::: Data segment :::
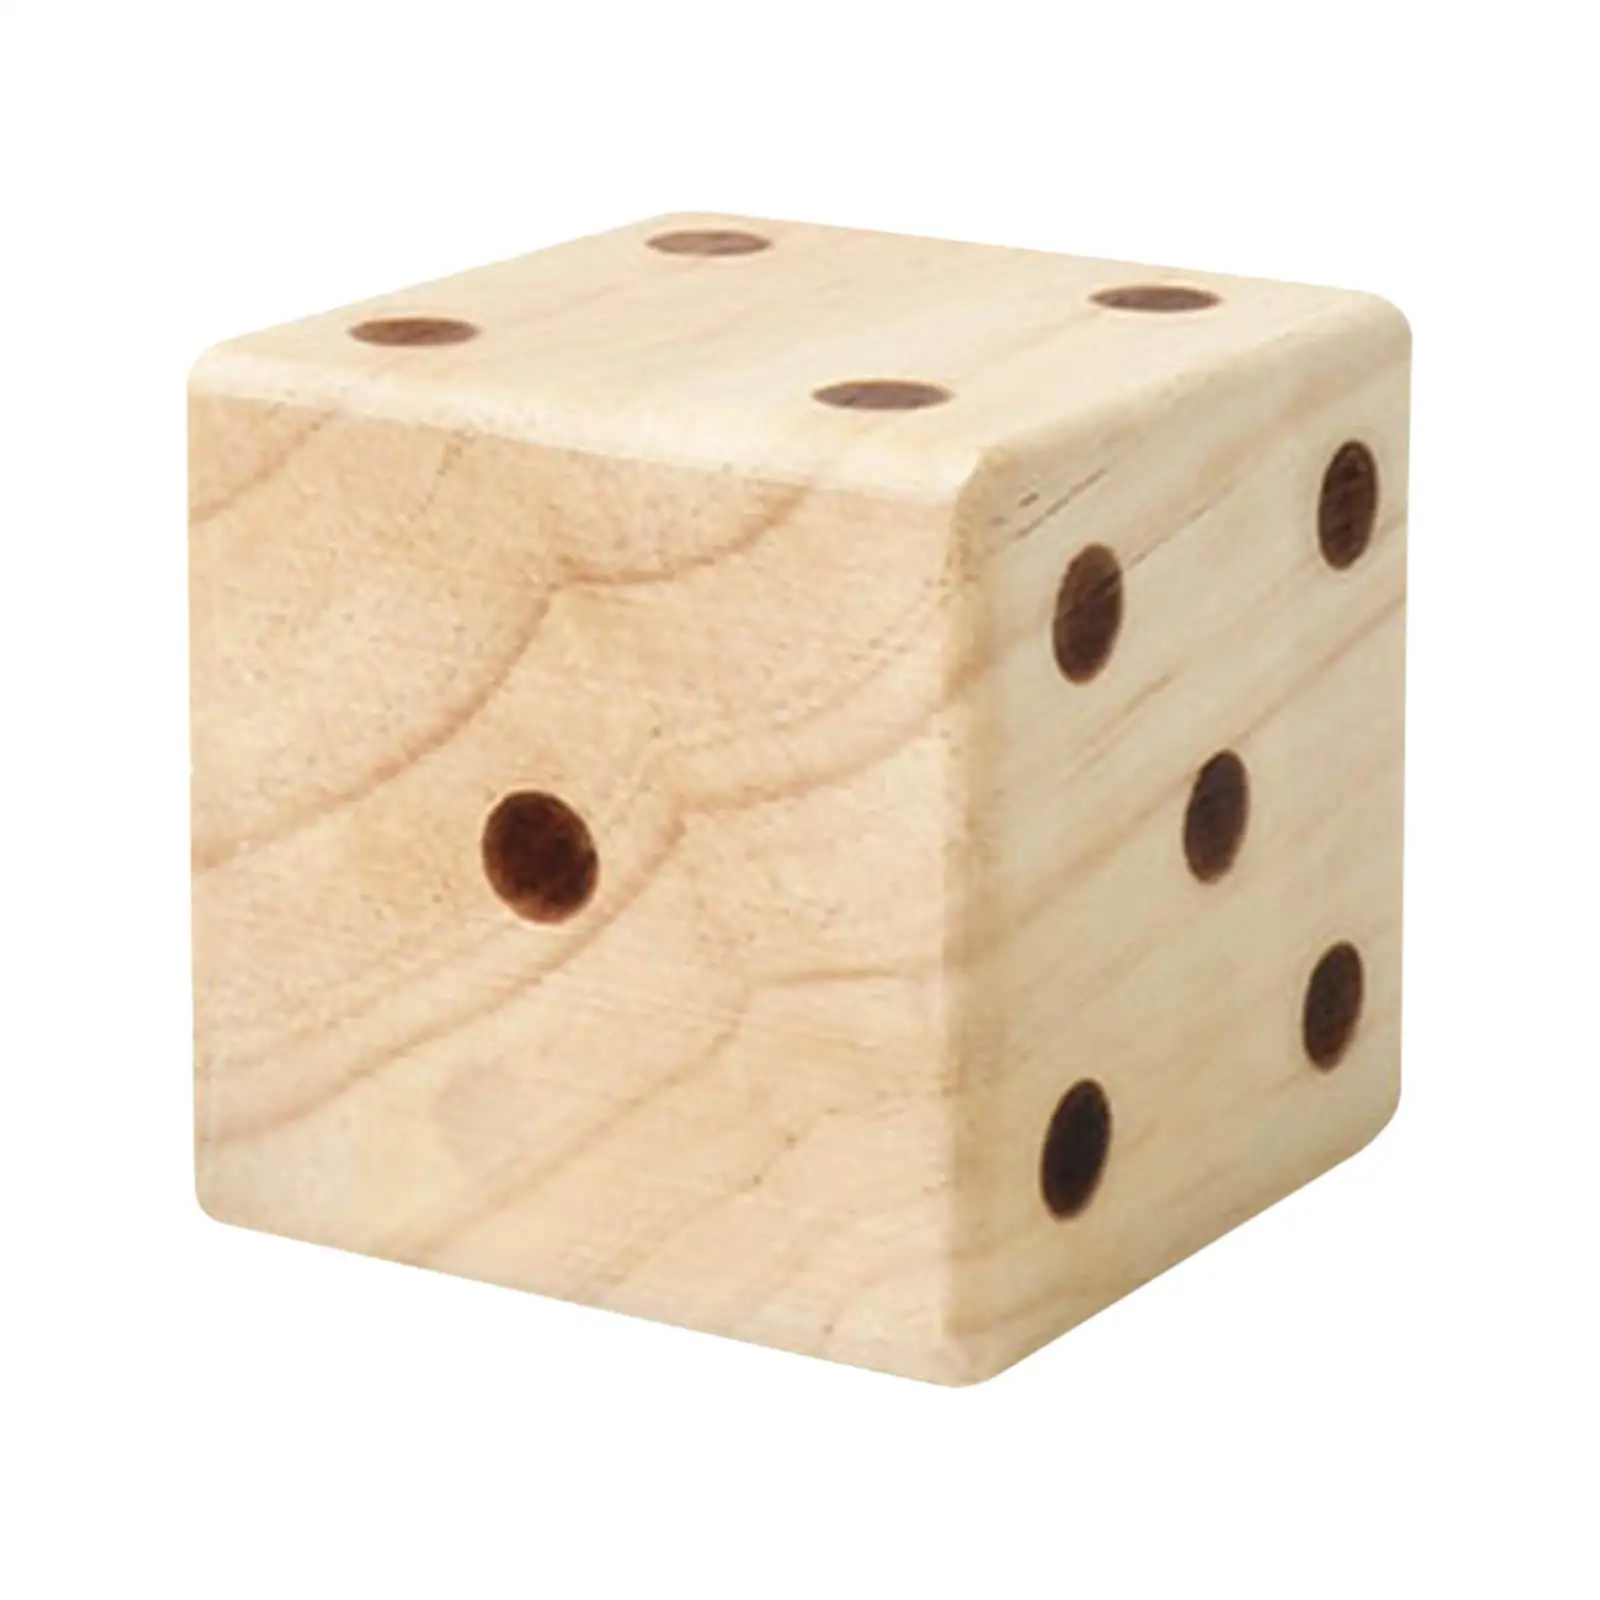 Large Wooden Yard Dice 7cm Lightweight for Game Sports Equipment Lawn Kids Family
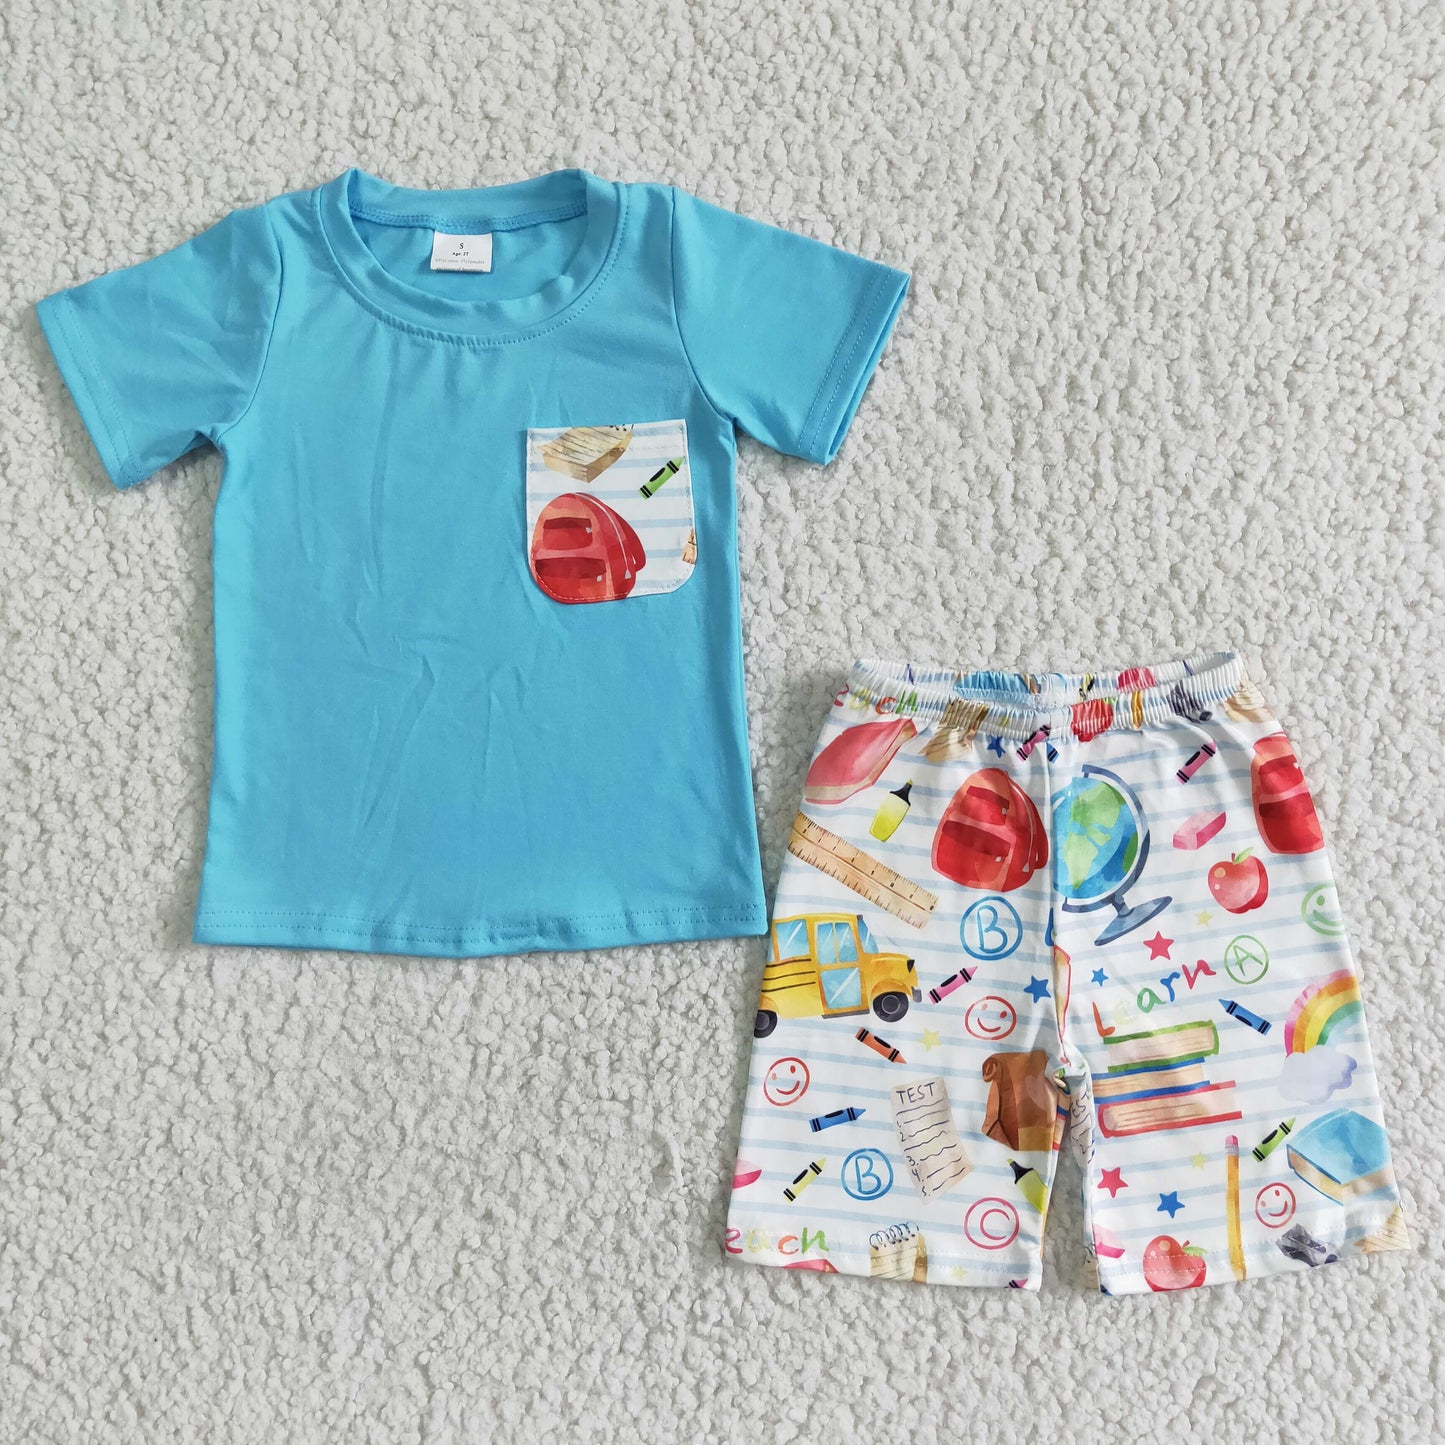 Boys back to school outfits   BSSO0071
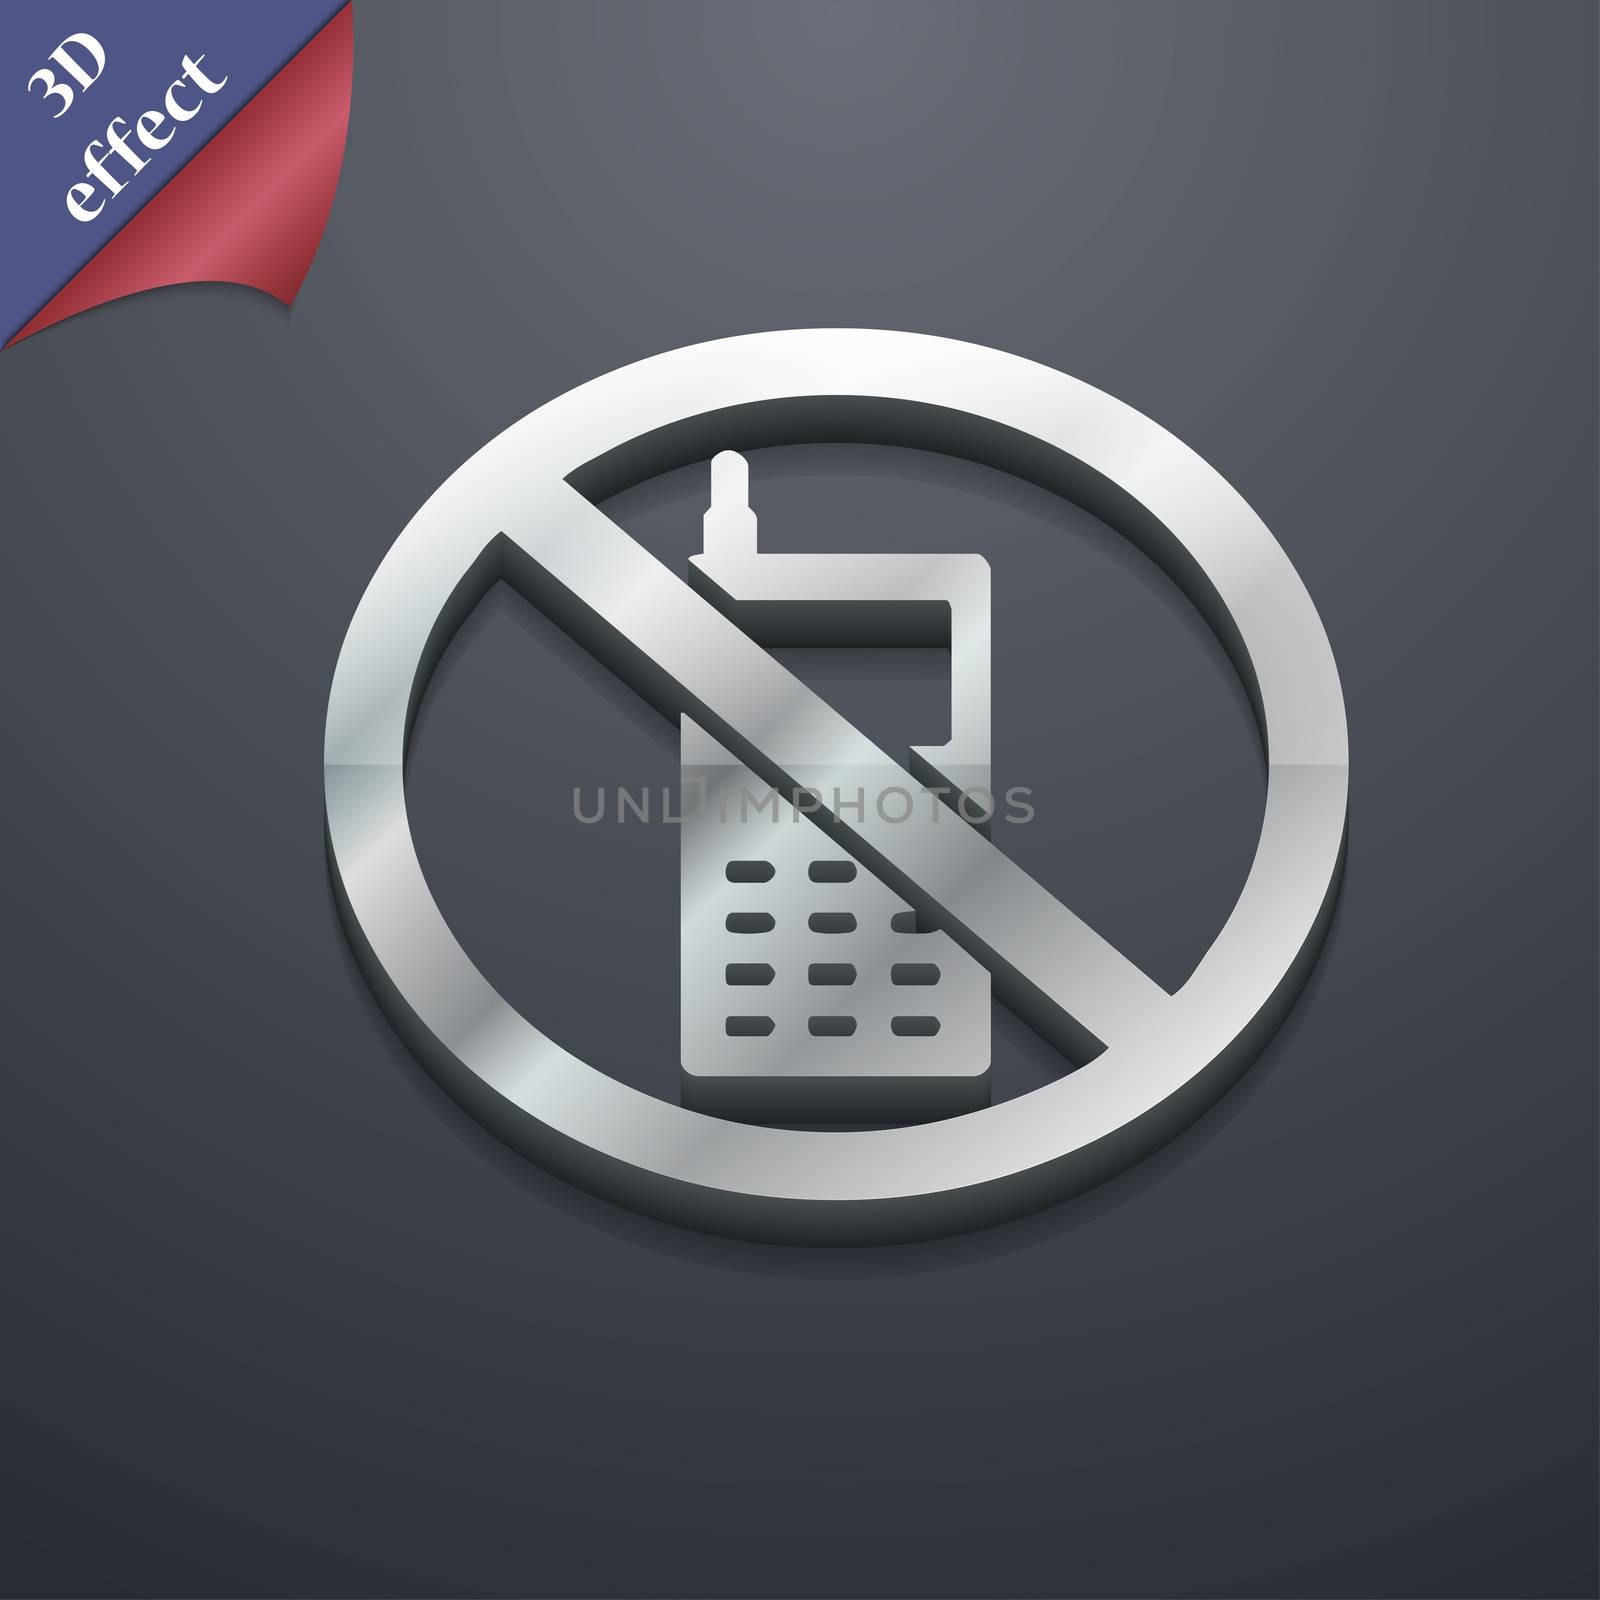 mobile phone is prohibited icon symbol. 3D style. Trendy, modern design with space for your text illustration. Rastrized copy
:::
Retype the whole listing word for word. Skip the pictures.

 Large Wooden Yard Dice 7cm Lightweight for Game Sports Equipment Lawn Kids Family
 Boys back to school outfits   BSSO0071
 mobile phone is prohibited icon symbol. 3D style. Trendy, modern design with space for your text illustration. Rastrized copy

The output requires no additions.